UPS systems serve as vital backup power equipment in data centers, guaranteeing the safe and continuous operation of electrical equipment during power outages [10]. Among the various types of UPS systems, online UPS is widely preferred in data centers due to its ability to provide high-quality power output and fast response times. To further optimize the performance of UPS systems in the power system, advanced control systems have been introduced to enhance their fast dynamic response capabilities [11, 12]. However, the utilization factor of UPS as the backup power source in data centers is typically low.

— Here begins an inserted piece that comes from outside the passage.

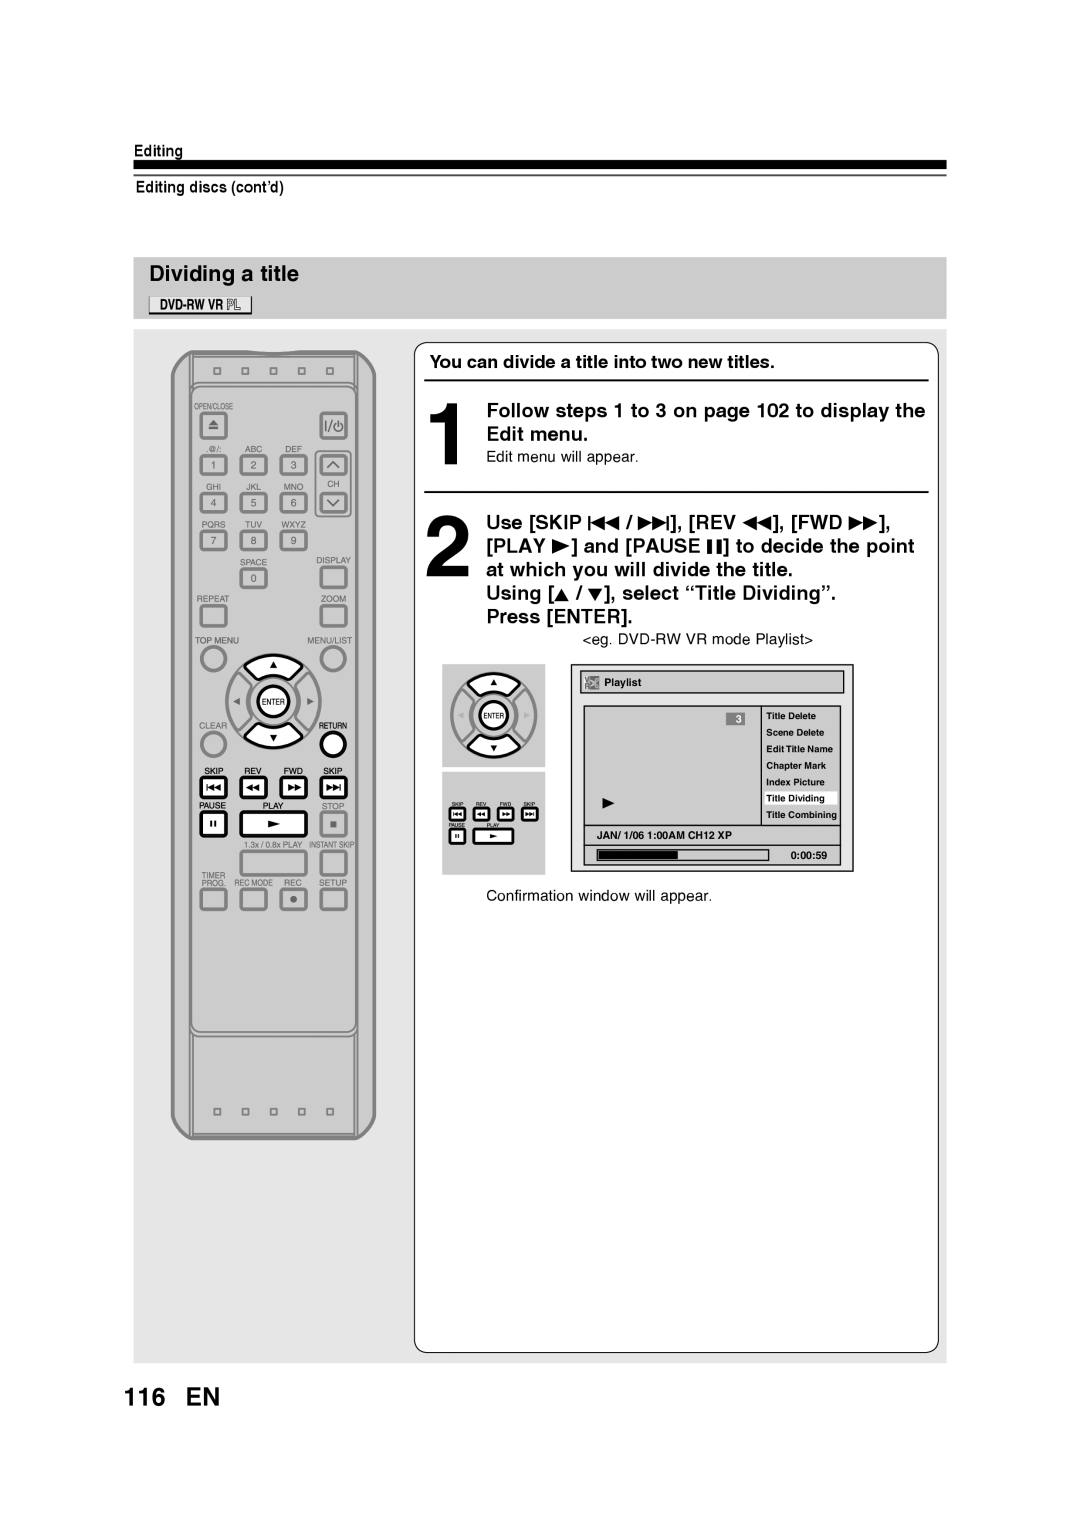 Toshiba D-RW2SU/D-RW2SC manual 116 EN, Dividing a title, Using K / L, select “Title Dividing” Press ENTER 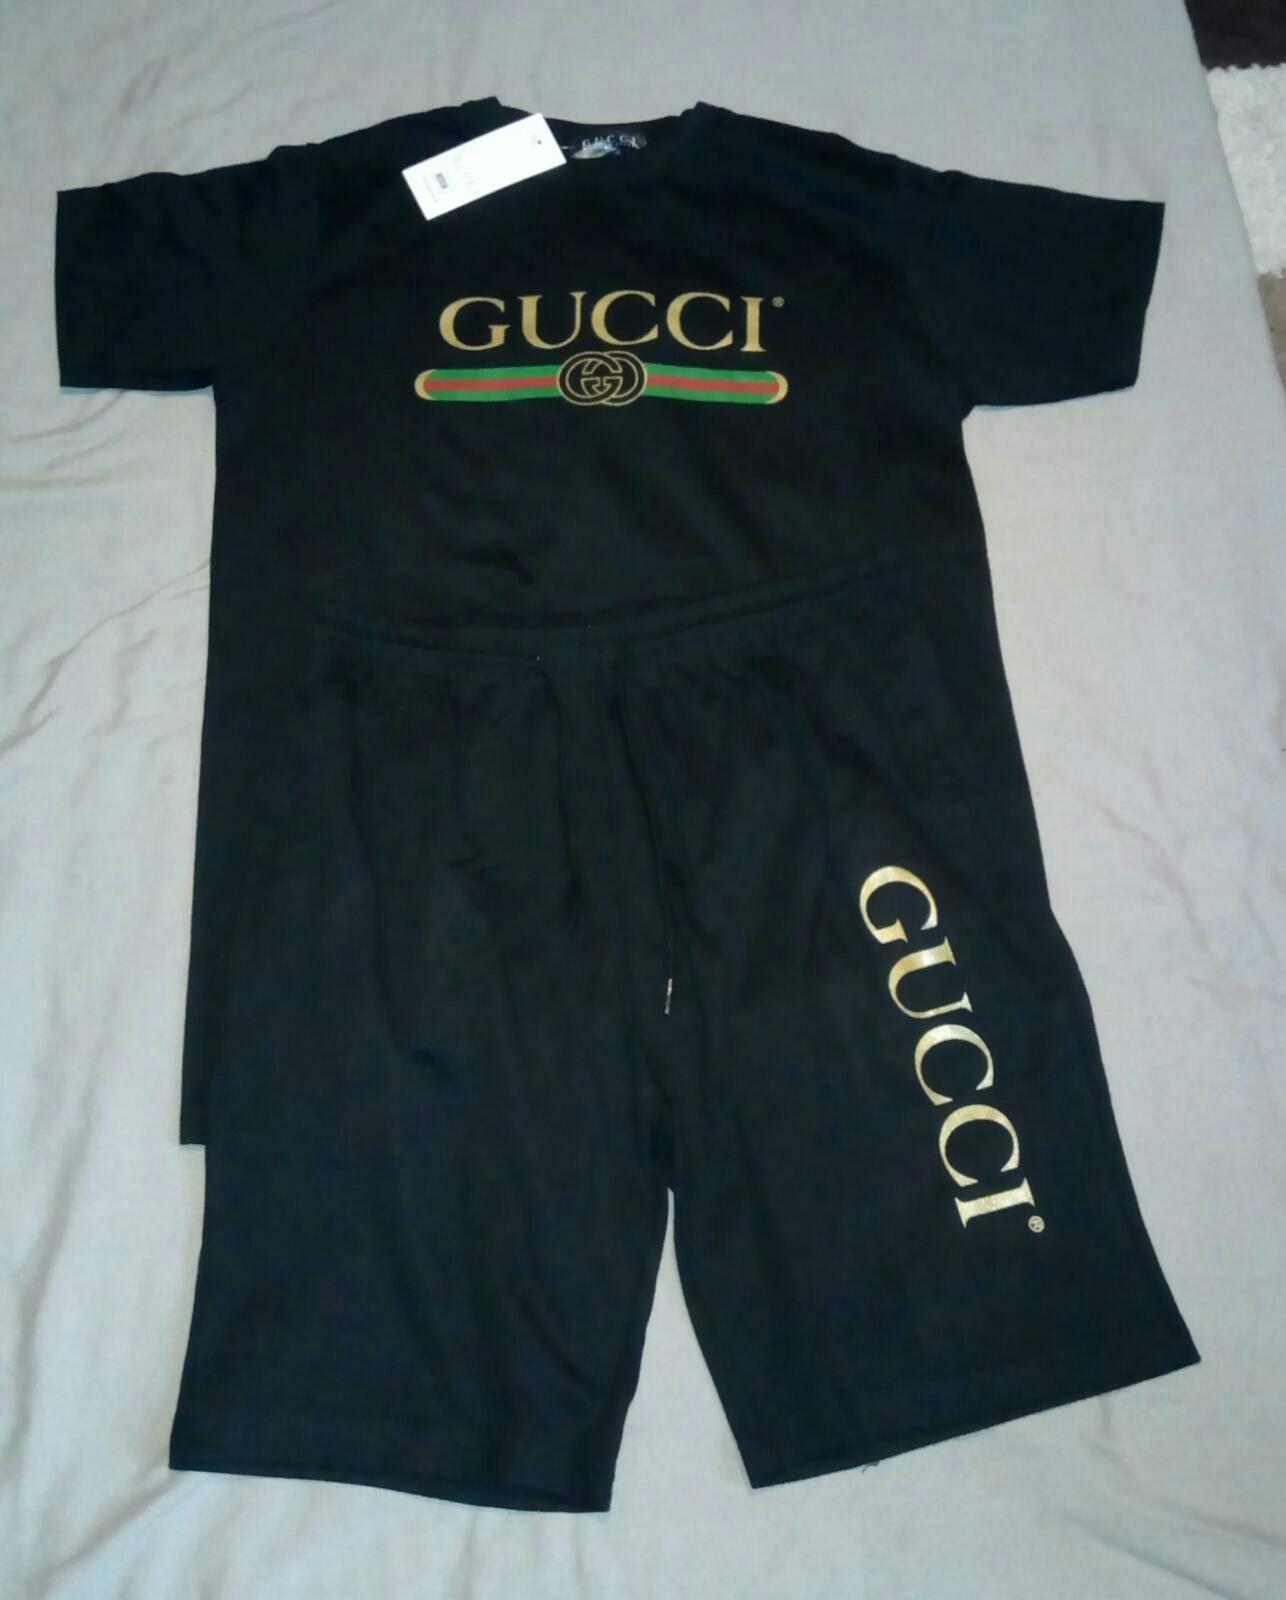 Gucci Clothes For Roblox Buyudum Cocuk Oldum - boy shirts roblox codes rldm

Otherwise, in an era where sustainable energy sources like wind and solar power are becoming increasingly prevalent, the integration of renewable energy into the power grid presents both opportunities and challenges. Data centers, as substantial power consumers, are uniquely positioned to contribute to the management of renewable energy uncertainties. This paper explores the dynamic relationship between data centers and renewable energy sources, focusing on the role of UPS scheduling as a mitigation strategy. By leveraging UPS capabilities, we propose an innovative scheduling strategy that actively mitigates the impacts of renewable energy variability and uncertainty on power system dispatch.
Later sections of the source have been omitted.